Lake Chargoggagoggmanchauggagoggchaubunagungamaugg

It’s a real place:

Situated in Webster, Massachusetts, this lake is now known UNOFFICIALLY as Lake Webster.

Eh, whatever.  I prefer the long version…just cuz I can say it!!!


9 thoughts on “Tongue Twister

  1. Mom says:

    Translated, it means You fish on your side of the lake, I’ll fish on my side of the lake and we’ll both fish in the middle. Mom

  2. suzanne says:

    i love it-the real name and the meaning

  3. lori says:

    Ok…so a little research has brought this to light:

    The real meaning of the word has been in dispute for ages and there are just about as many meanings as there are letters in the word. I’ll let you all count them to figure it out.

    The meaning, as mom stated above, actually came from a tongue-in-cheek article written in 1920. Read on for yourself:

    “This longest name means approximately “Englishmen at Manchaug territory at the meeting and fishing place at the boundary” and was applied in the 19th century when White people built factories in the area. “Manchaug” is derived from the “Monuhchogoks”, a group of Nipmuck that lived by the lakeshore. Spelling of the long name varies, even on official signs near the lake. Webster schools use this long form of the name in various capacities.[4][5]

    Larry Daly, editor of The Webster Times, wrote a humorous article in the 1920s about the lake and the disputes concerning the meaning of its name. He proposed the tongue-in-cheek translation “You Fish on Your Side, I Fish on My Side, Nobody Fish in the Middle”. It has met with so much popular acceptance that relatively little attention has been paid to the actual translation.”

    Sorry, mom. Don’t mean to contradict you…but…hey, it is my blog after all!! 🙂

  4. Hi mom!!!

    Lori: my head hurts… this is impossible to say!

  5. lori says:

    Hehehe Mandy! Actually, Mary can say it!!! She went to school today and said it to her teacher! (my little smarty pants!)

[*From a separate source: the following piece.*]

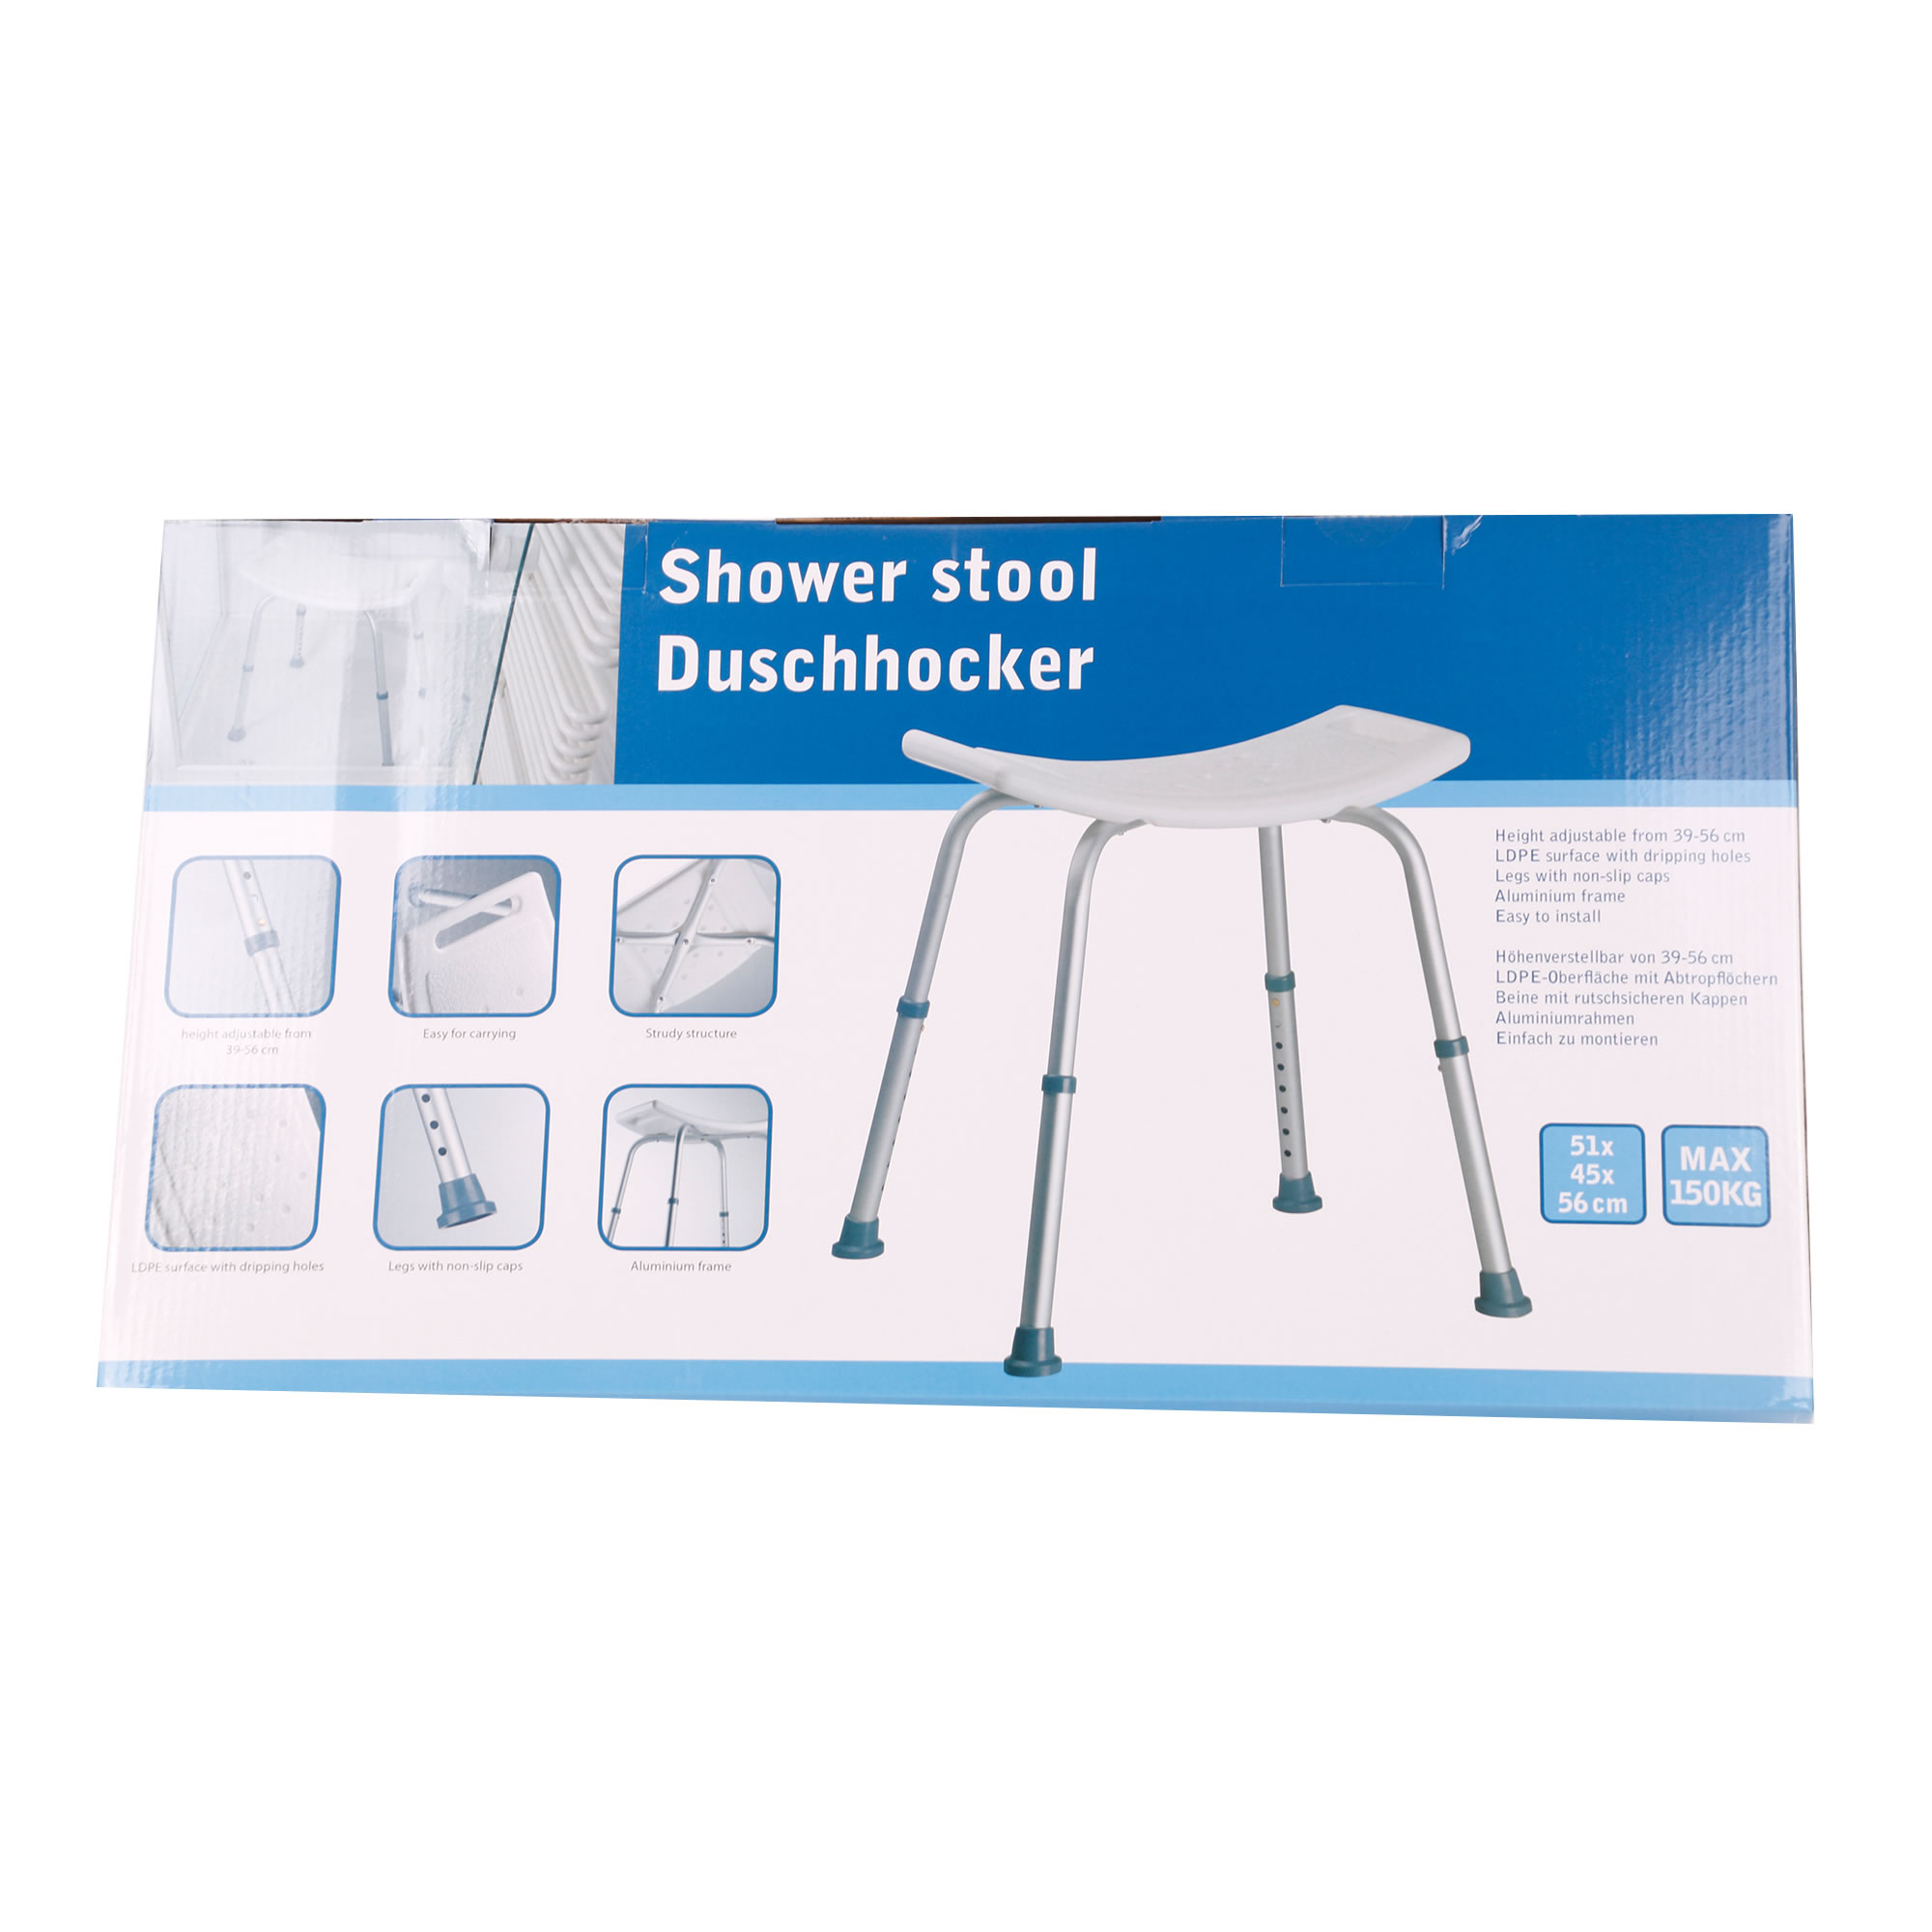 Homestyle 25742 Duschhocker, Plastik, weiß/aluminium, 51.0 x 45.0 x 56.0 cm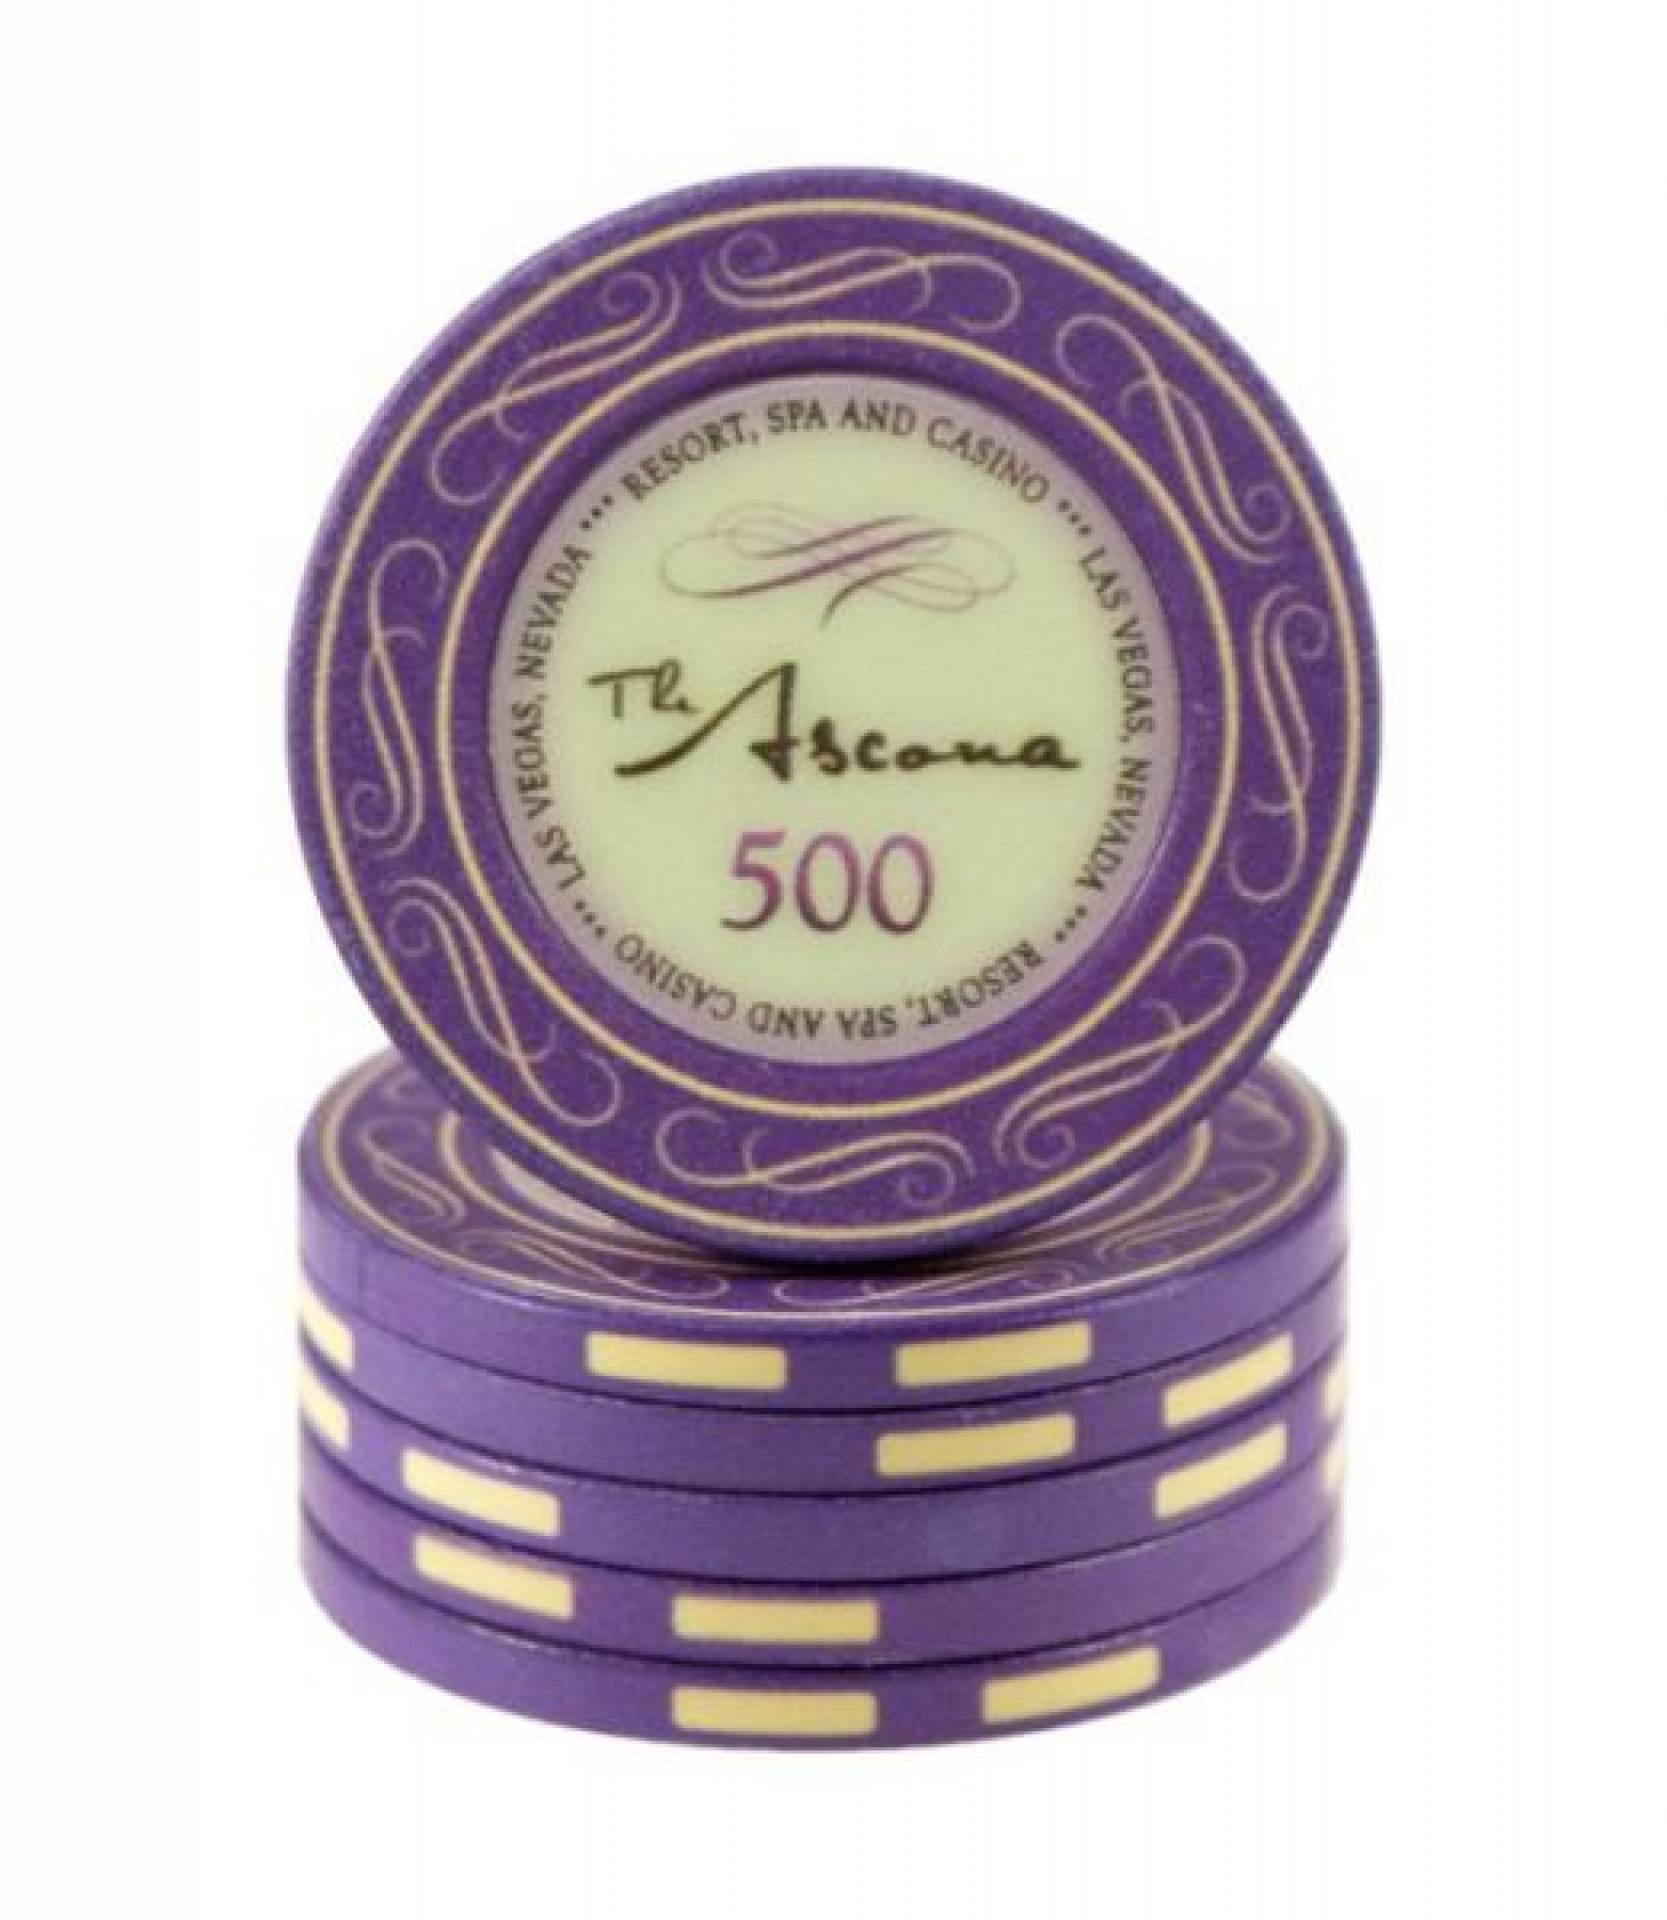 Poker chip The Ascona - hodnota 500

    It’s not a bad place to visit…you guys should make the trip over there especially now in the fall when the colors change! 🙂

  6. Mom says:

    Hi back atcha Mandy !!! Mom

  7. Sharon says:

    I was born in Webster, MA (my family moved to CT in 1955 when I was 6 years old) and my great grandfather was a Nipmuc. I remember playing in Lake Chaug. when I was a little girl and I have photos of family members taken there in the early 1940’s. The lake has a great deal of history and has much meaning to the local tribe of Nipmucs. Please tell Mary that I’m VERY impressed with her ability to pronounce it so well!

    • Derek Henries says:

      Hi Sharon,

      I came across your comments on a wesbsite relative to Chaubunagungamaug Lake. I was intrigued by the timeline you reference coupled with the fact that your great grandfather was Nipmuc. I am writing memoirs of my family, as we too our Nipmuck. What was your great grandfather’s name?

      Be well,



  8. lori says:

    Hey Sharon! Hey I had no idea you were from that area!

    I will sure pass on that message to Mary!

    Thanks for reading…and commenting!